Data provided Block Start

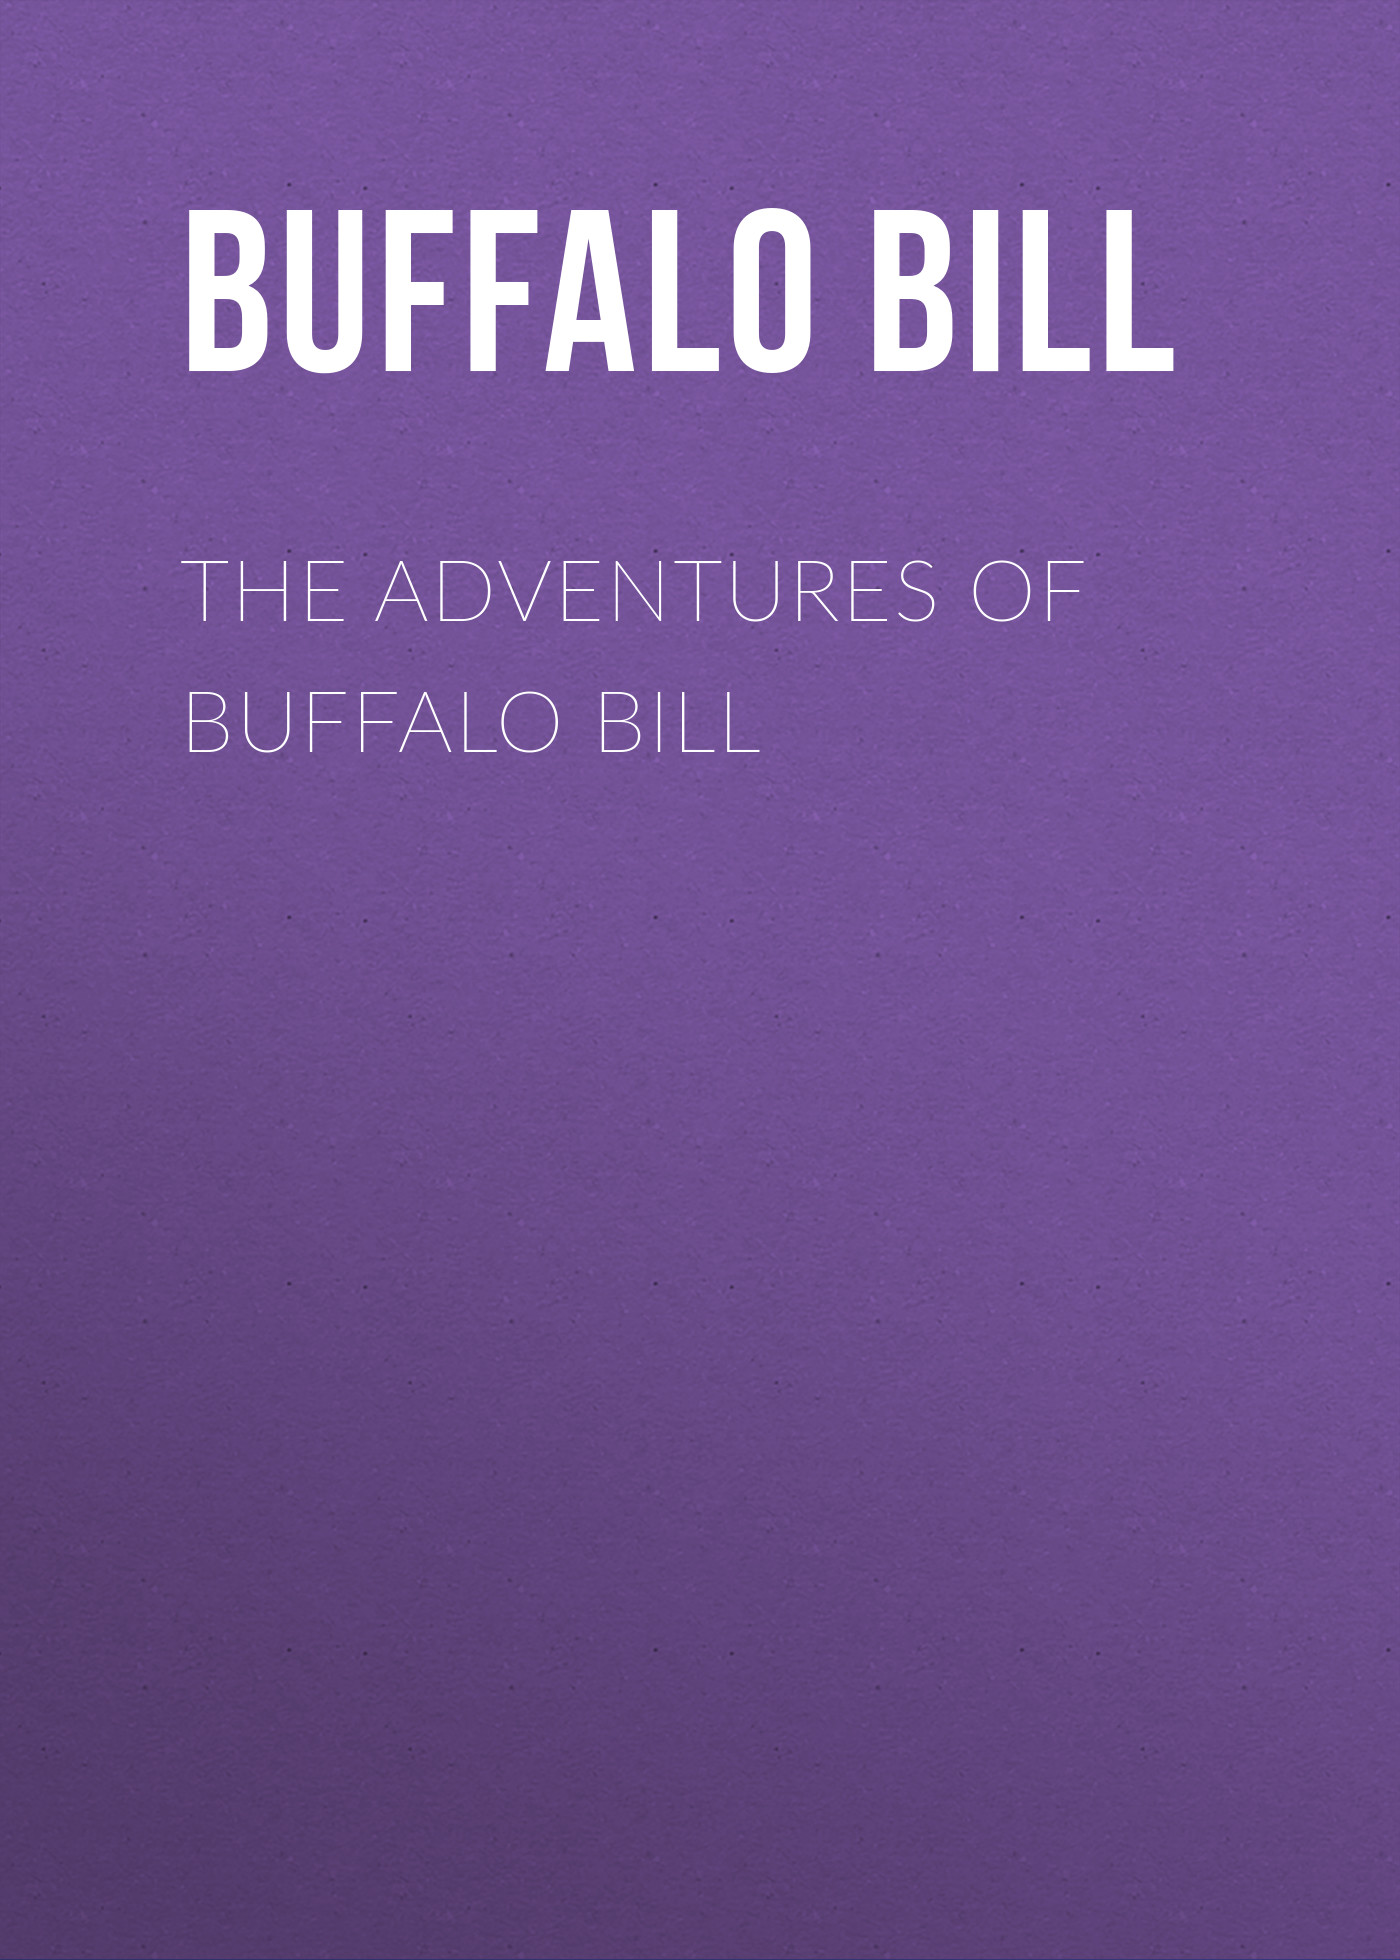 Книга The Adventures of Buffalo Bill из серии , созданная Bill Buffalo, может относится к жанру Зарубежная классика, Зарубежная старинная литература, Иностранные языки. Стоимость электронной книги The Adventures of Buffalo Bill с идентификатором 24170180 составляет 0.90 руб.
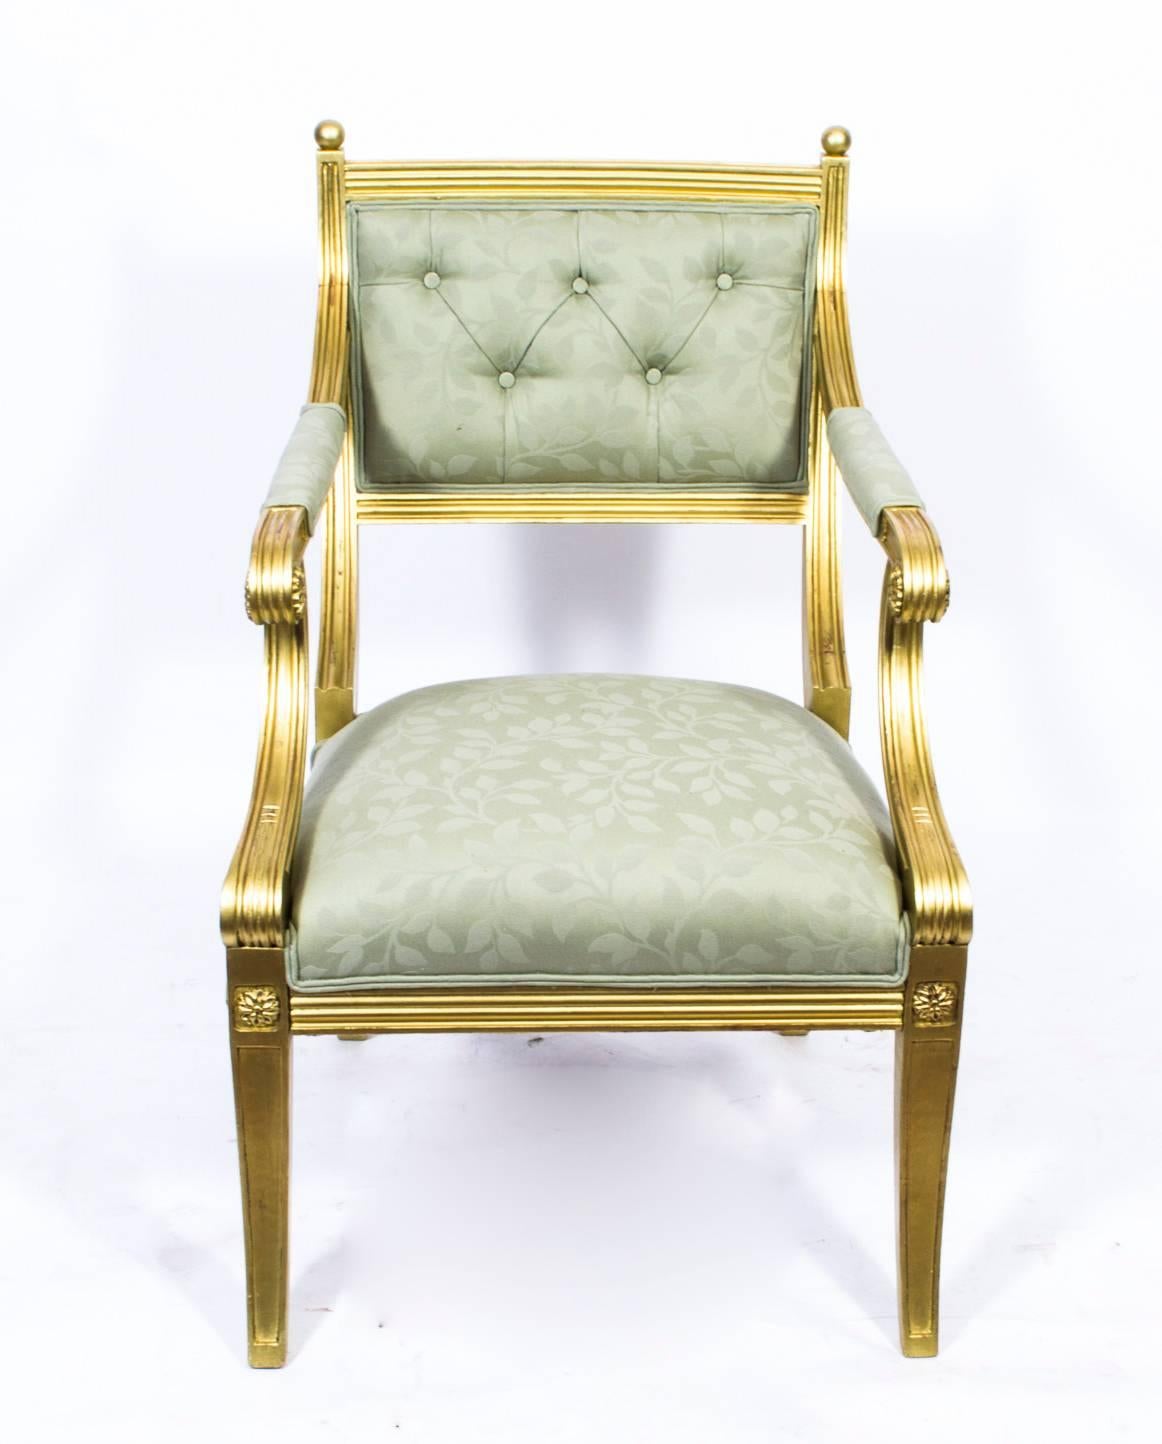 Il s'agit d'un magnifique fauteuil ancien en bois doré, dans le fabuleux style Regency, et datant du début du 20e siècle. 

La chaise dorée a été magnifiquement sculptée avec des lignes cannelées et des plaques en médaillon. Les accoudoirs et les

Data provided Block End

* _Task to carry out_: Reproduce the full material exactly, excluding the pictures.

* _Solution below_:
 Книга The Adventures of Buffalo Bill из серии , созданная Bill Buffalo, может относится к жанру Зарубежная классика, Зарубежная старинная литература, Иностранные языки. Стоимость электронной книги The Adventures of Buffalo Bill с идентификатором 24170180 составляет 0.90 руб.
 Il s'agit d'un magnifique fauteuil ancien en bois doré, dans le fabuleux style Regency, et datant du début du 20e siècle. 

La chaise dorée a été magnifiquement sculptée avec des lignes cannelées et des plaques en médaillon. Les accoudoirs et les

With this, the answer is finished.